Author(s): Wenyan Tu, Ting Gong, Hui Li (corresponding author)
Journal: Government Information Quarterly
Language: English
DOI:https://doi.org/10.1016/j.giq.2024.101942
Online url: View Online
The importance of government transparency in reducing corruption has been well documented. However, the effects of different forms of transparency on containing corruption and whether transparency has a blanket effect across all forms of corruption remain less understood. This study examines the impact of agent-controlled transparency on the latency of different types of corruption. Drawing on a dataset of 30,558 corruptionrelated court judgments in China, this study employs hierarchical linear modeling (HLM) by integrating individual-level data and provincial-level data to yield three major findings. First, agent-controlled transparency is more likely to decrease the concealment of petty corruption than grand corruption.

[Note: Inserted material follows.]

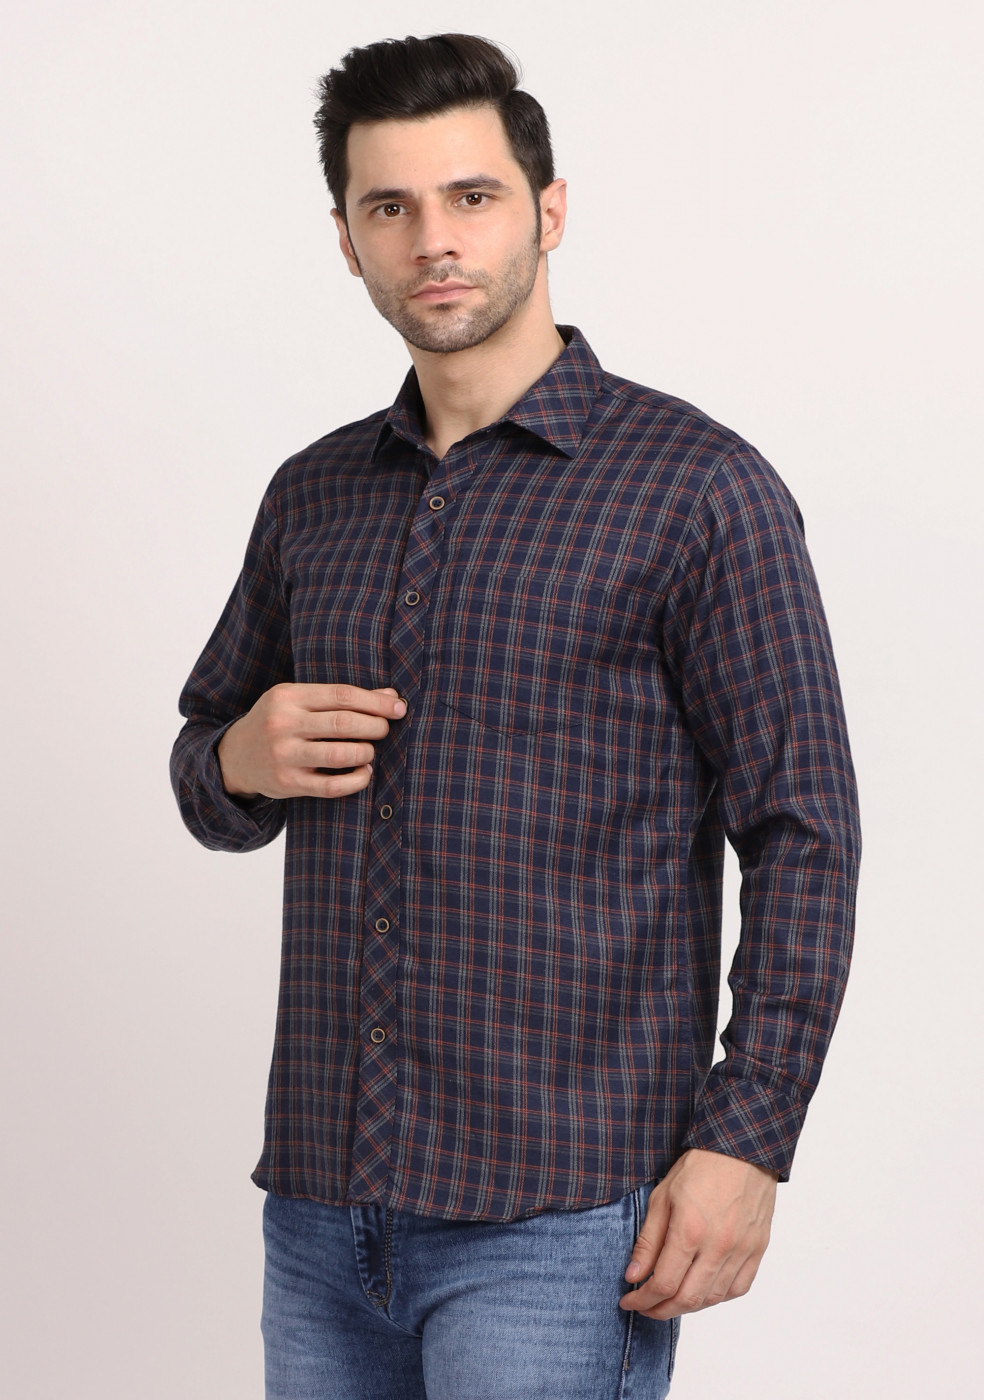 ASHTOM Navy Gray Line Check Shirt Regular Fit For Men

Furthermore, agentcontrolled transparency is more likely to reduce the latency of autocorruption than transactive corruption, which is usually disguised in normal social interactions. Third, when the scale and form of corruption are combined into four types, namely petty autocorruption, grand autocorruption, petty transactive corruption, and grand transactive corruption, agent-controlled transparency is more likely to reduce the latent period of petty autocorruption than that of other types.
Tu, W., Gong, T., & Li, H. (2024). The divergent effects of agent-controlled transparency on corruption latency: Evidence from China. Government Information Quarterly, 41(2), 101942.